As I have commented in the previous point, when creating an unlock pattern that is as secure as possible, we can cross nodes.

In this way, it will be much more complicated for our environment, knowing exactly where we slide our finger to unlock access to the device.

Do not use a pattern with the initial of your name

Use the initial of our name as an unlock pattern It will allow us to remember it easily.

But It is a double-edged sword, since it will be the first pattern that anyone in our environment who wants to access the device will try to use.

Use the maximum number of nodes

As I mentioned above, most users use a maximum of 5 nodes to create the unlock pattern.

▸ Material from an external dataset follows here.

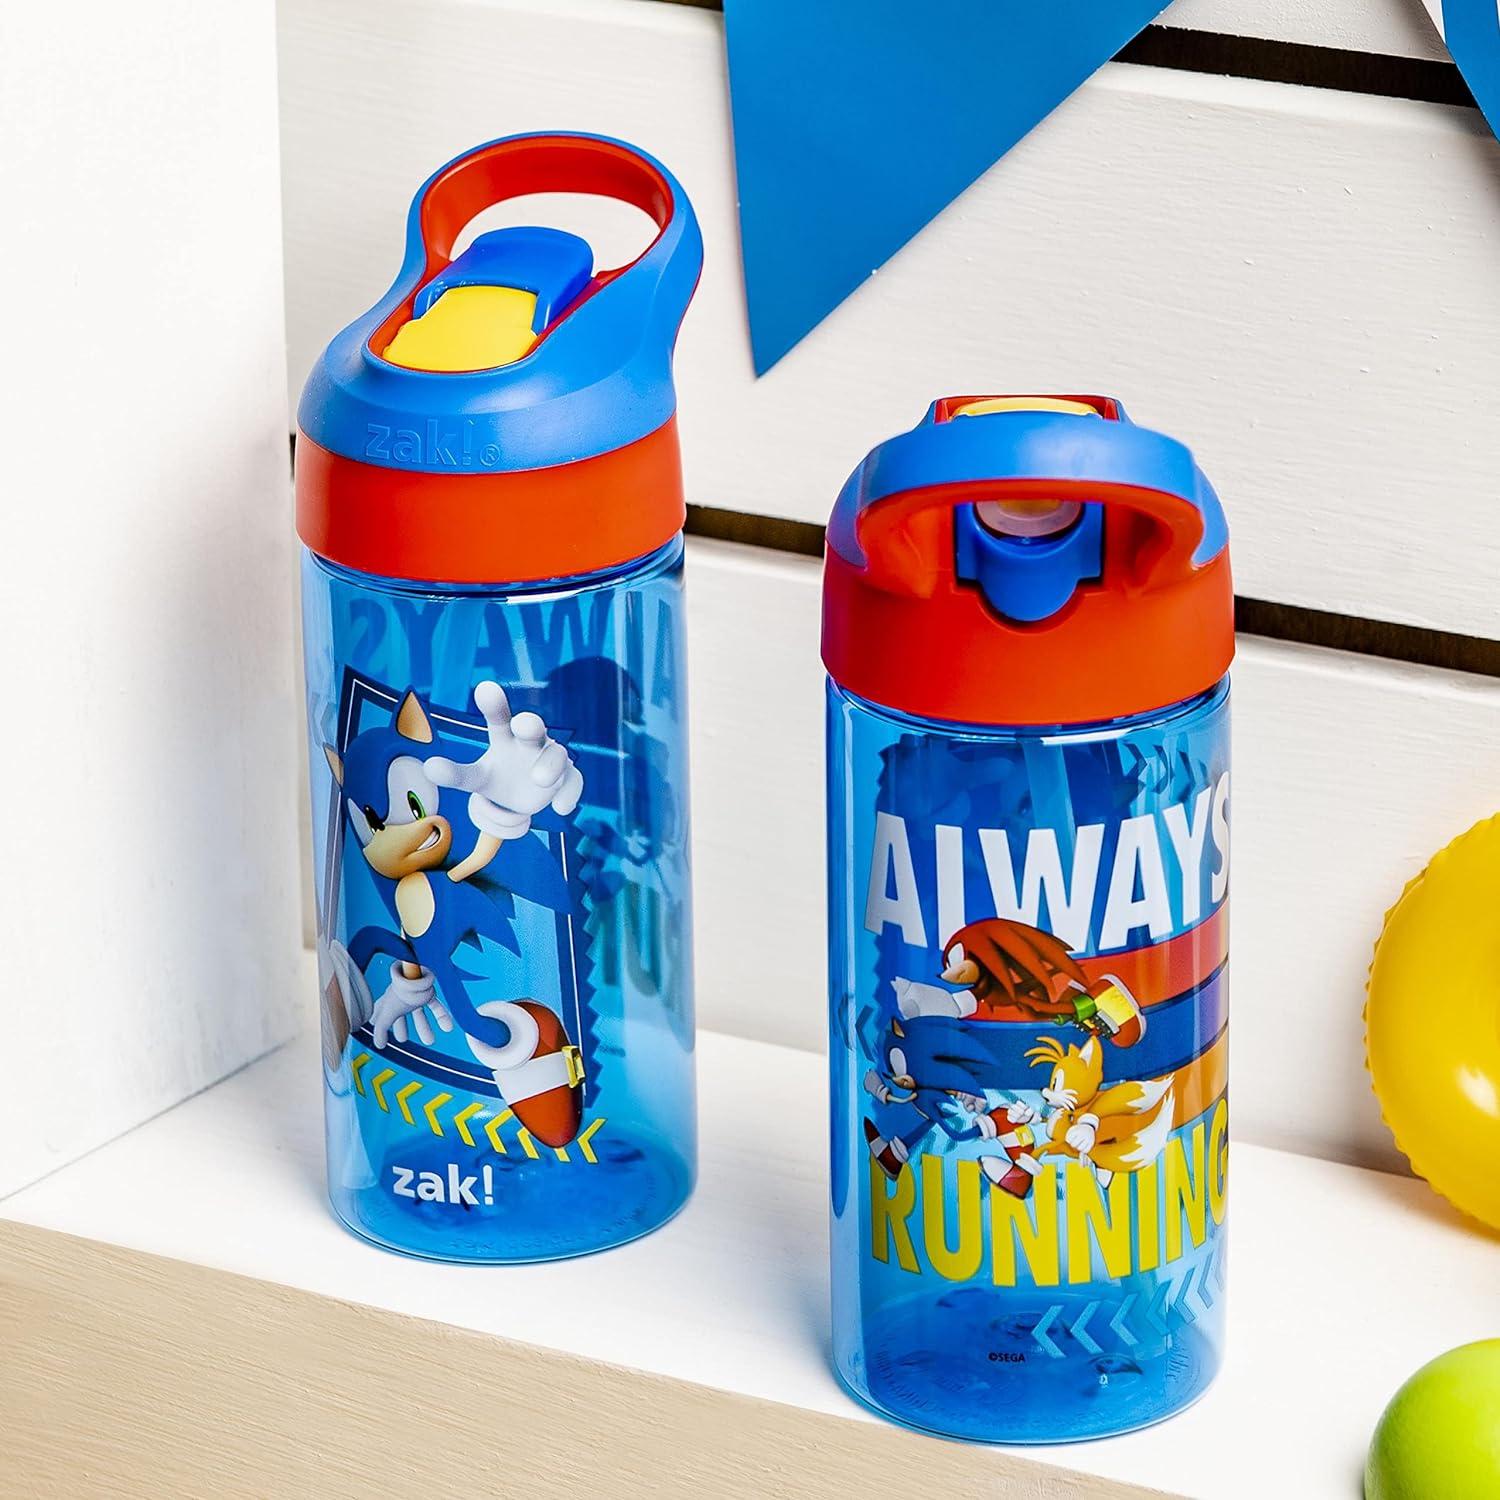 Sonic Let's Go Blue Chug Water Bottle, 25 oz.

Although, obviously, it is better than using the minimum required (4) we can extend its length and difficulty using as much as possible (9).

The longer the pattern more difficult The friends of the alien will have it when it comes to tracking the slide we make with our finger on the screen.

Other methods to protect the device


As technology has evolved, the number of options we have at our disposal to block access to our device has been increased, although some classics such as the PIN code are still maintained.

El PIN code to block access to a terminal can contain 4 or 6 numbers. But, in addition, some manufacturers also allow us to enter numbers and letters as if it were a password.

Another method, much more comfortable than the unlock pattern, is to use the fingerprint sensor have the device. This unlocking method is also supported by a code or pattern, a code that we must enter when we restart our device and when it does not recognize our fingerprint.

The easiest and most convenient method to unlock access to a device is to use the facial recognition. If this fails or does not correctly detect our face, the device will request the unlock code or pattern that we have entered.

Regardless of the method to unlock our device, in the end, it is always necessary to use a PIN code or unlock pattern when the facial or fingerprint recognition system does not recognize us correctly.

What happens if I forget the unlock pattern

The only method to regain access to a device if we have forgotten the unlock pattern or PIN code is through restore it from scratch, thus losing all the information that is stored inside.

the only manufacturer that allows us to recover access to a terminal from which we have forgot unlock pattern or PIN code is Samsung.

The content of the article adheres to our principles of editorial ethics. To report an error click here.

Be the first to comment

Leave a Comment

Your email address will not be published. Required fields are marked with *



  1. Responsible for the data: Miguel Ángel Gatón
  2. Purpose of the data: Control SPAM, comment management.
  3. Legitimation: Your consent
  4. Communication of the data: The data will not be communicated to third parties except by legal obligation.
  5. Data storage: Database hosted by Occentus Networks (EU)
  6. Rights: At any time you can limit, recover and delete your information.